PARIS (Reuters) - Forty-six nations called for the creation of a more powerful U.N. environment agency on Saturday, saying the survival of humanity was at risk, but the United States, China and Russia did not sign up.

World  |  Green Business

"We must realize that we have reached a point of no return, and have caused irreparable damage," according to the "Paris Call for Action" read out by French President Jacques Chirac after a two-day conference at his Elysee Palace.

On Friday, the world's top climate scientists said global warming was man-made and said rising temperatures could cause more droughts, heatwaves and rising seas for more than 1,000 years even if emissions of greenhouse gases are capped.

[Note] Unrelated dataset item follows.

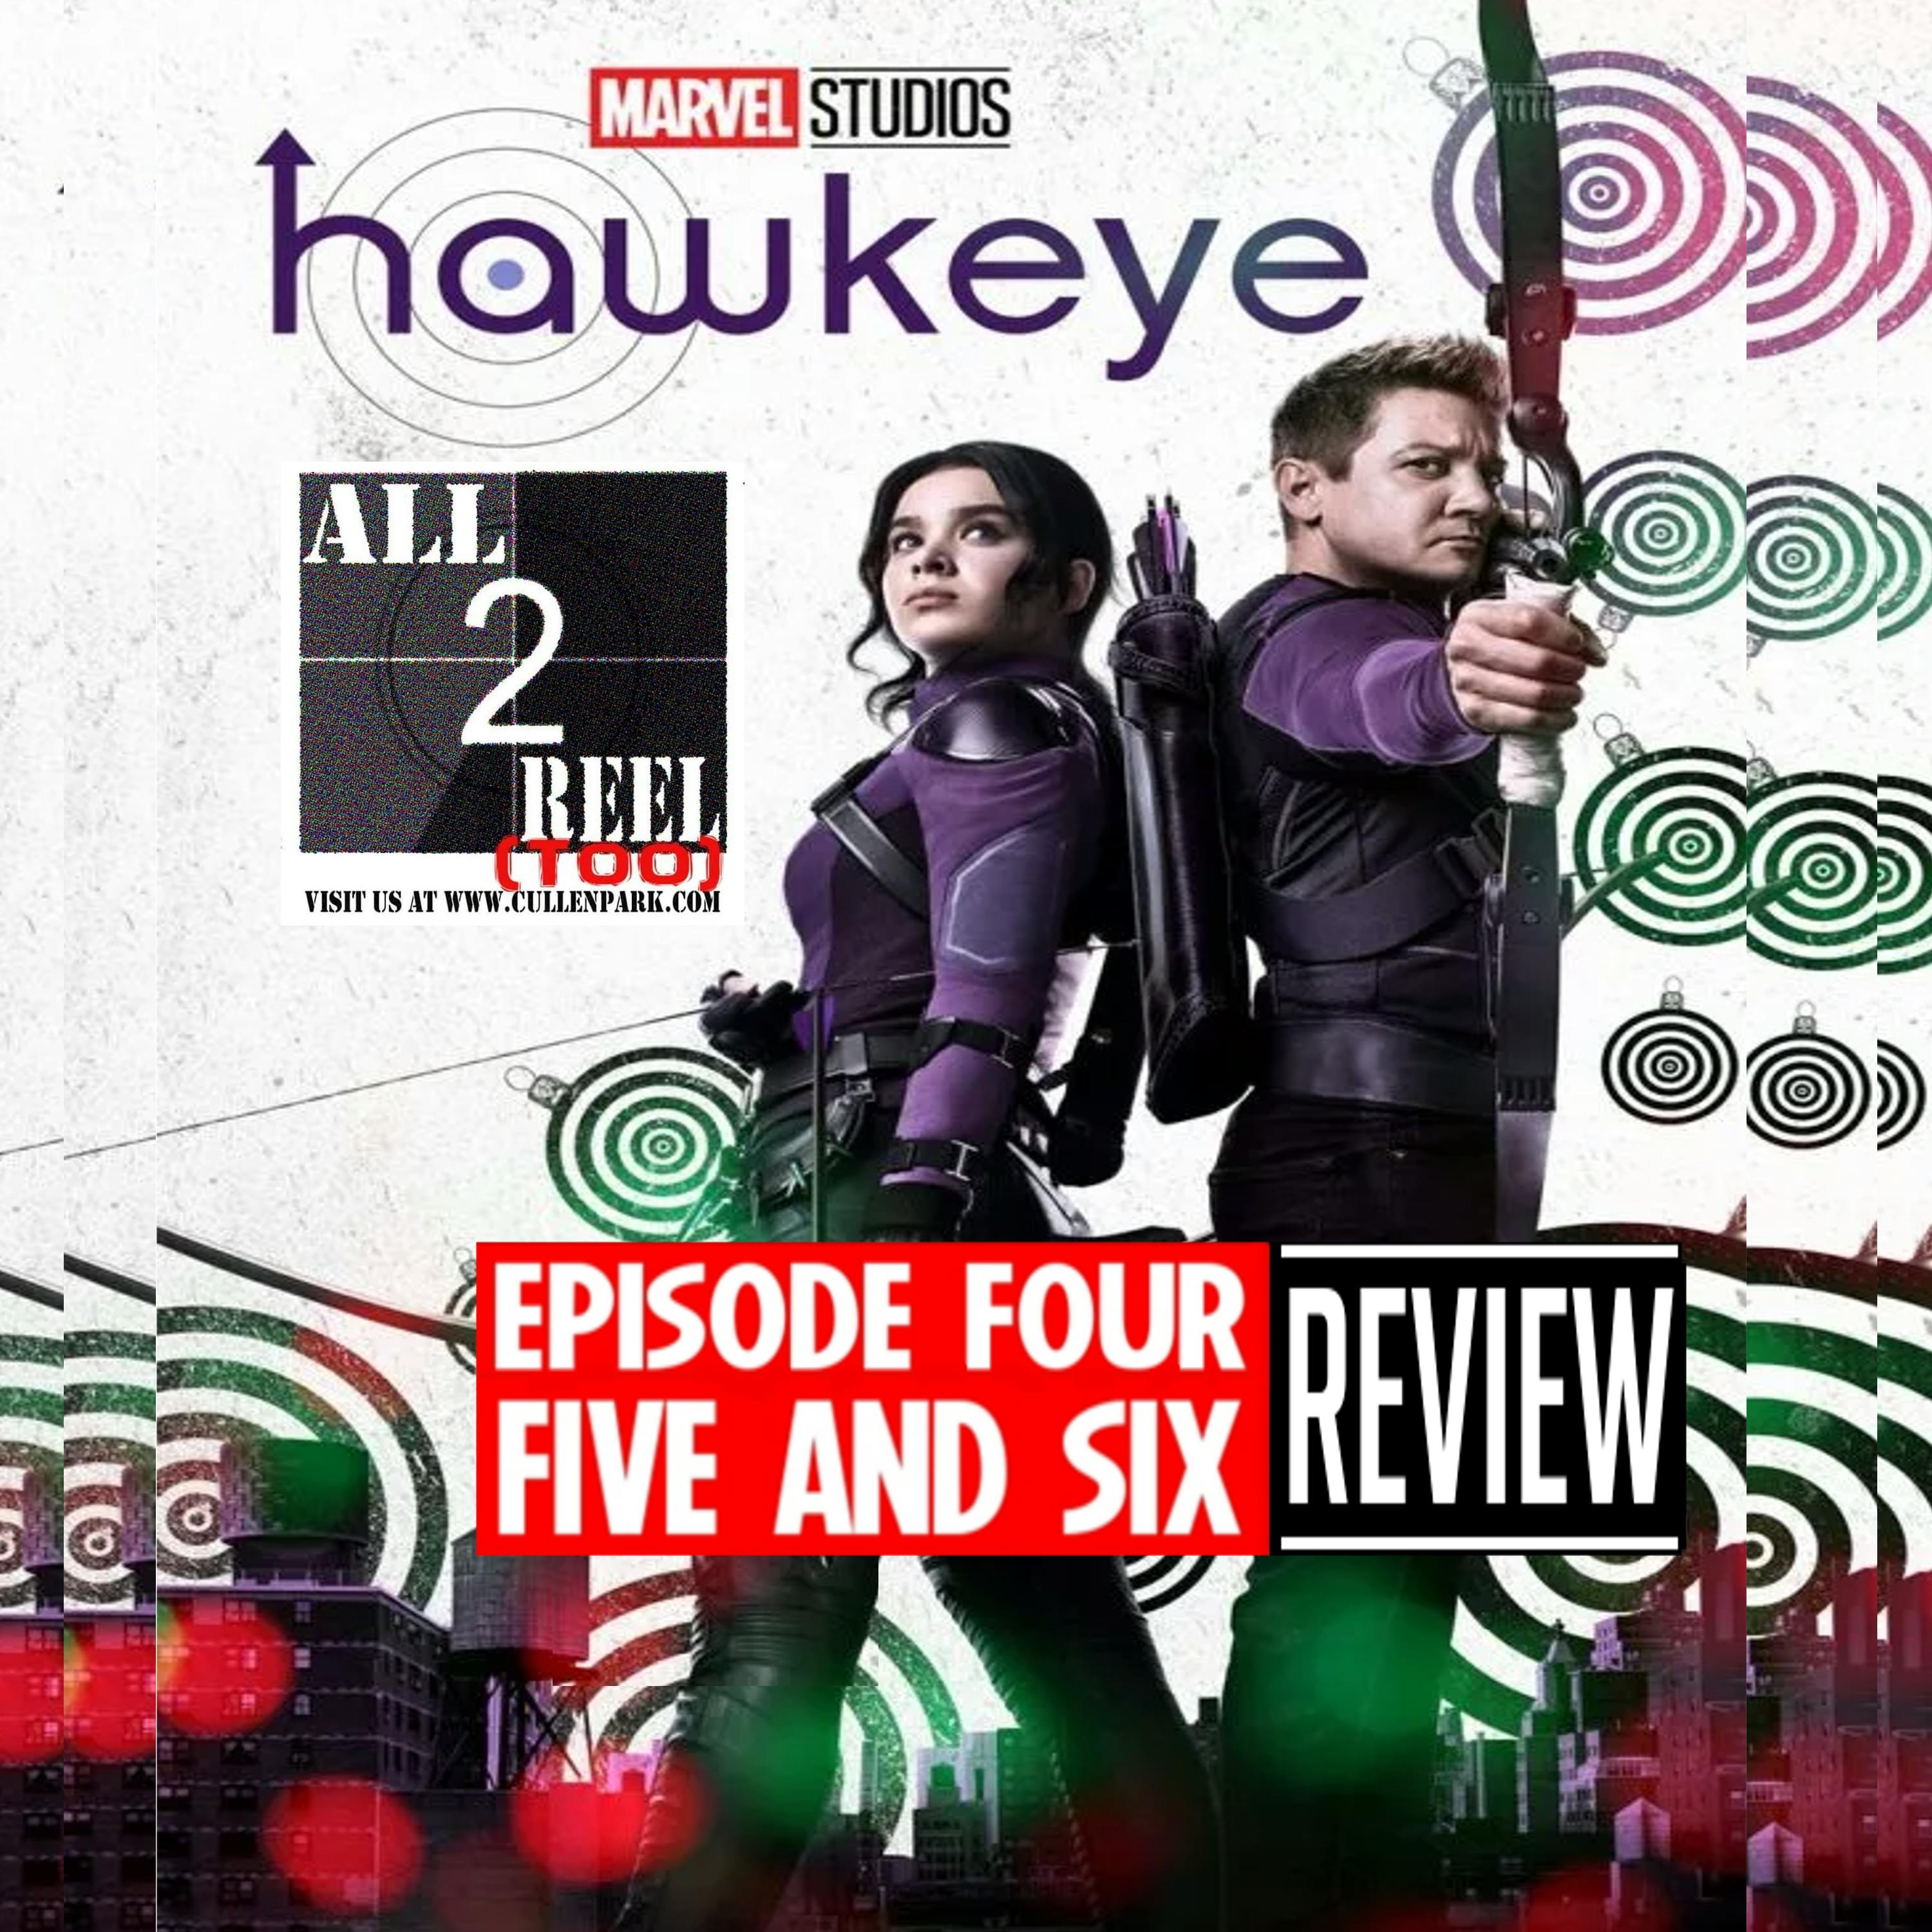 HAWKEYE EPISODE 4, 5 AND 6 REVIEW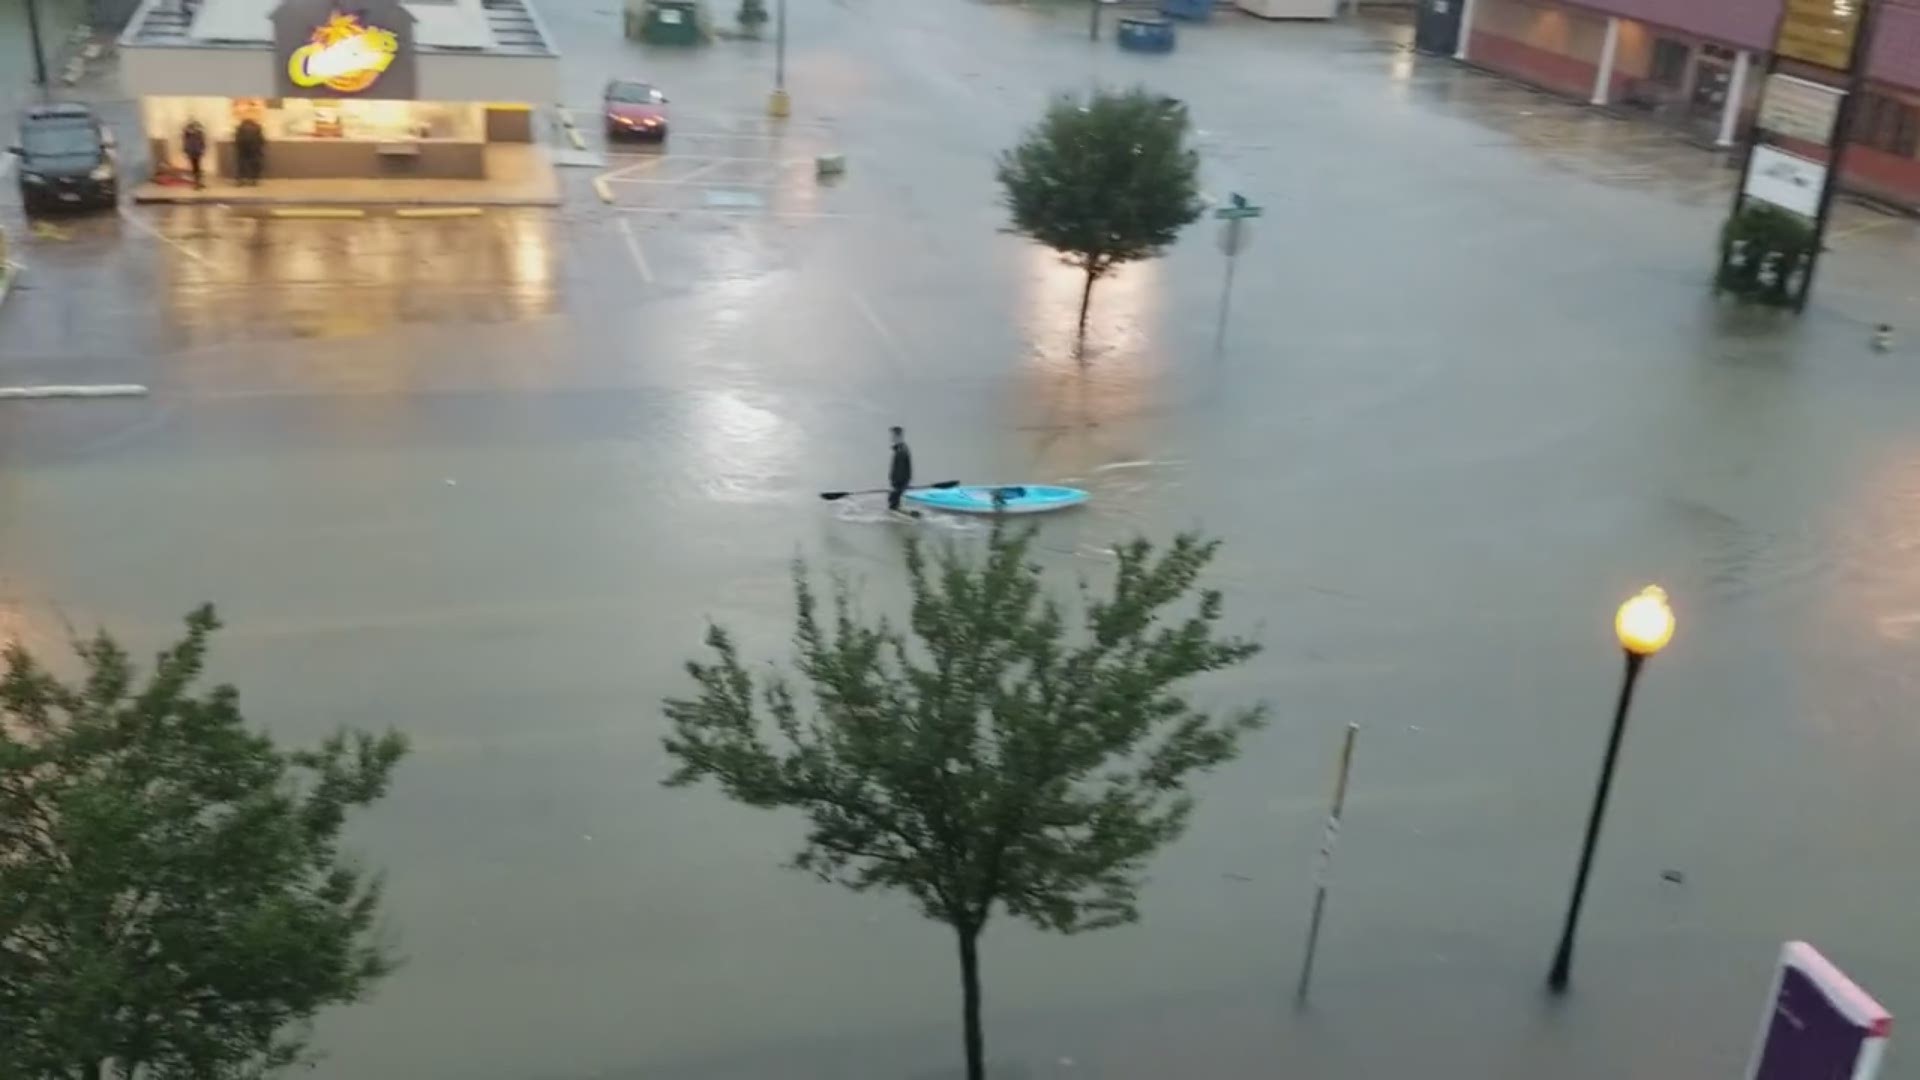 Meteorologist Jeff Gerber catches a man hauling a kayak through flooded streets in Beaumont.

"We are coming to realize that the entire planet is at risk, that the well-being, health, safety, and very survival of humankind hangs in the balance," Chirac said after talks with politicians, scientists, business leaders and foreign leaders.

The Paris appeal seeks the creation of a new U.N. Environment Organization (UNEO) to fight threats such as global warming, water shortages or a loss of species. And it urges "massive international action to face the environmental crisis".

The existing U.N. Environment Program, based in Nairobi, is often faulted for having too limited powers.

The "Paris Call for Action" was backed by European Union countries and others including Algeria, Ecuador, Cambodia, Vanuatu, Seychelles, Gabon and Burundi.

But the United States, China, Russia and India -- the top four emitters of greenhouse gases -- were absent from a list handed out by Chirac's office. Carbon dioxide comes mainly from burning fossil fuels in factories, power plants and cars.

RETIREMENT

Morocco agreed to host a meeting of nations which favor the creation of a UNEO. But Chirac will retire in May after 12 years as president and it is unclear who might then champion the idea.

The proposed UNEO would be modeled on the World Health Organization, which has more clout than UNEP, and could help coordinate government action, promote funding, research and ways to spread new technologies.

Some delegates cautioned that creating new bureaucratic institutions should not detract from action. But others said that a UNEO could, for instance, help fill gaps in science.

"We spend a great deal more on space research than trying to find out what the biosphere is all about," said Valli Moosa, head of the World Conservation Union.

He said it was unlikely that the world would achieve a goal set by governments in 2002 of slowing the rate of loss of species, ranging from exotic African frogs to rare Amazonian plants, by 2010.